Radiological method using AI algorithms to detect, locate, and identify cancer could negate the need for invasive, painful clinical laboratory testing of tissue biopsies
This will be of interest to histopathologists and radiologist technologists who are working to develop AI deep learning algorithms to read computed tomography scans (CT scans) to speed diagnosis and treatment of cancer patients.
“Researchers used the CT scans of 170 patients treated at The Royal Marsden with the two most common forms of retroperitoneal sarcoma (RPS)—leiomyosarcoma and liposarcoma—to create an AI algorithm, which was then tested on nearly 90 patients from centers across Europe and the US,” the news release notes.
The researchers then “used a technique called radiomics to analyze the CT scan data, which can extract information about the patient’s disease from medical images, including data which can’t be distinguished by the human eye,” the new release states.
The research team sought to make improvements with this type of cancer because these tumors have “a poor prognosis, upfront characterization of the tumor is difficult, and under-grading is common,” they wrote. The fact that AI reading of CT scans is a non-invasive procedure is major benefit, they added.

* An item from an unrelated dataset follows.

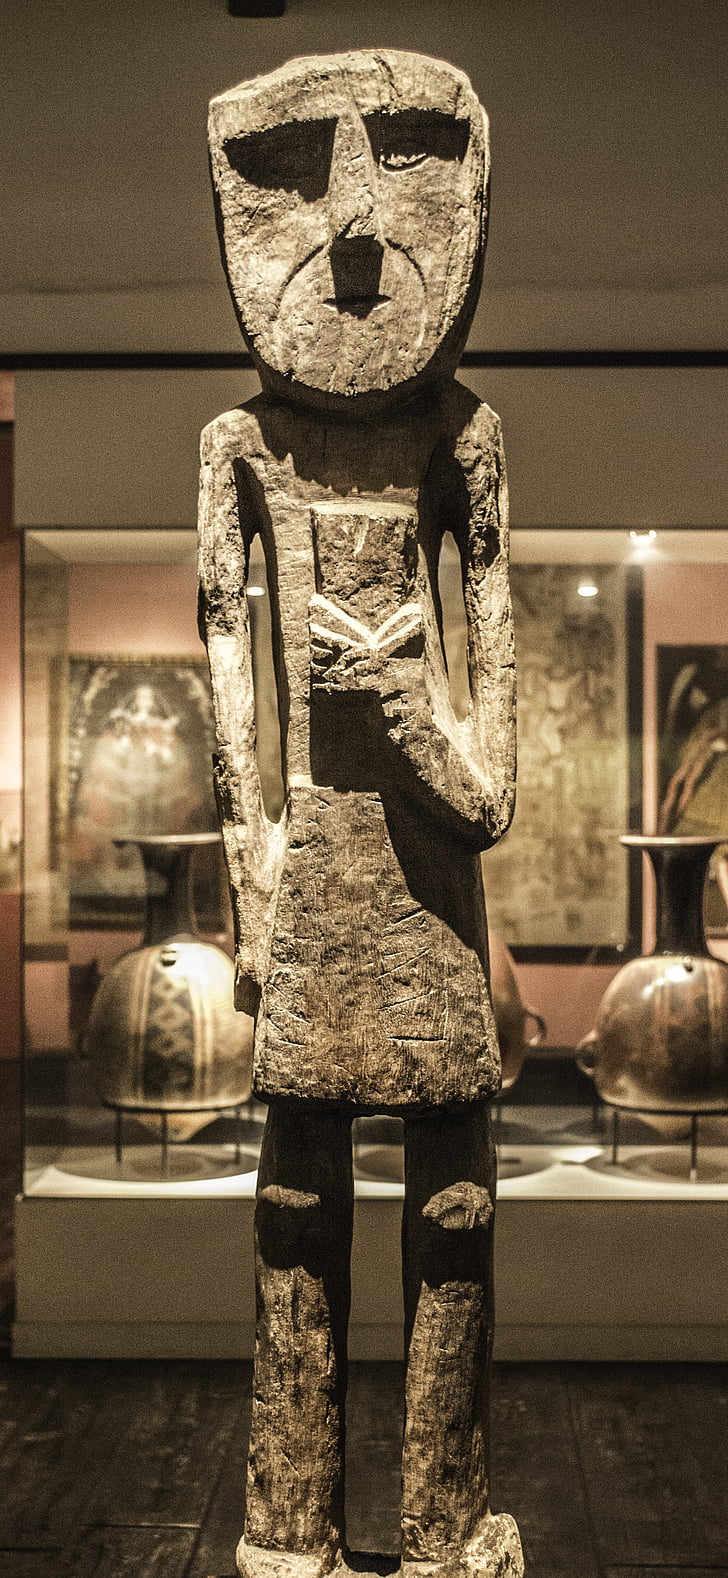 patsas, Museum, laiha, puinen, vanha, Perun, artefakti

“This is the largest and most robust study to date that has successfully developed and tested an AI model aimed at improving the diagnosis and grading of retroperitoneal sarcoma using data from CT scans,” said the study’s lead oncology radiologist Christina Messiou, MD, (above), Consultant Radiologist at The Royal Marsden NHS Foundation Trust and Professor in Imaging for Personalized Oncology at The Institute of Cancer Research, London, in a news release. Invasive medical laboratory testing of cancer biopsies may eventually become a thing of the past if this research becomes clinically available for oncology diagnosis. (Photo copyright: The Royal Marsden.)
Study Details
RPS is a relatively difficult cancer to spot, let alone diagnose. It is a rare form of soft-tissue cancer “with approximately 8,600 new cases diagnosed annually in the United States—less than 1% of all newly diagnosed malignancies,” according to Brigham and Women’s Hospital.
In their published study, the UK researchers noted that, “Although more than 50 soft tissue sarcoma radiomics studies have been completed, few include retroperitoneal sarcomas, and the majority use single-center datasets without independent validation. The limited interpretation of the quantitative radiological phenotype in retroperitoneal sarcomas and its association with tumor biology is a missed opportunity.”

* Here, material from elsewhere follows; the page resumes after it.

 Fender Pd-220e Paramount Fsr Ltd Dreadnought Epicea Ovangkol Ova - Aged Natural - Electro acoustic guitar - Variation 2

According to the ICR news release, “The [AI] model accurately graded the risk—or how aggressive a tumor is likely to be—[in] 82% of the tumors analyzed, while only 44% were correctly graded using a biopsy.”
Additionally, “The [AI] model also accurately predicted the disease type [in] 84% of the sarcomas tested—meaning it can effectively differentiate between leiomyosarcoma and liposarcoma—compared with radiologists who were not able to diagnose 35% of the cases,” the news release states.
“There is an urgent need to improve the diagnosis and treatment of patients with retroperitoneal sarcoma, who currently have poor outcomes,” said the study’s first author Amani Arthur, PhD, Clinical Research Fellow at The Institute of Cancer Research, London, and Registrar at The Royal Marsden NHS Foundation Trust, in the ICR news release.
“The disease is very rare—clinicians may only see one or two cases in their career—which means diagnosis can be slow. This type of sarcoma is also difficult to treat as it can grow to large sizes and, due to the tumor’s location in the abdomen, involve complex surgery,” she continued. “Through this early research, we’ve developed an innovative AI tool using imaging data that could help us more accurately and quickly identify the type and grade of retroperitoneal sarcomas than current methods. This could improve patient outcomes by helping to speed up diagnosis of the disease, and better tailor treatment by reliably identifying the risk of each patient’s disease.
“In the next phase of the study, we will test this model in clinic on patients with potential retroperitoneal sarcomas to see if it can accurately characterize their disease and measure the performance of the technology over time,” Arthur added.
Importance of Study Findings
Speed of detection is key to successful cancer diagnoses, noted Richard Davidson, Chief Executive of Sarcoma UK, a bone and soft tissue cancer charity.
“People are more likely to survive sarcoma if their cancer is diagnosed early—when treatments can be effective and before the sarcoma has spread to other parts of the body. One in six people with sarcoma cancer wait more than a year to receive an accurate diagnosis, so any research that helps patients receive better treatment, care, information and support is welcome,” he told The Guardian.
According to the World Health Organization, cancer kills about 10 million people worldwide every year. Acquisition and medical laboratory testing of tissue biopsies is both painful to patients and time consuming. Thus, a non-invasive method of diagnosing deadly cancers quickly, accurately, and early would be a boon to oncology practices worldwide and could save thousands of lives each year.
Pathologists and clinical laboratory managers will want to stay alert to the concerns voiced by tech experts about the need to exercise caution when using generative AI to assist medical diagnoses
GPTs are an integral part of the framework of a generative artificial intelligence that creates text, images, and other media using generative models. These neural network models can learn the patterns and structure of inputted information and then develop new data that contains similar characteristics.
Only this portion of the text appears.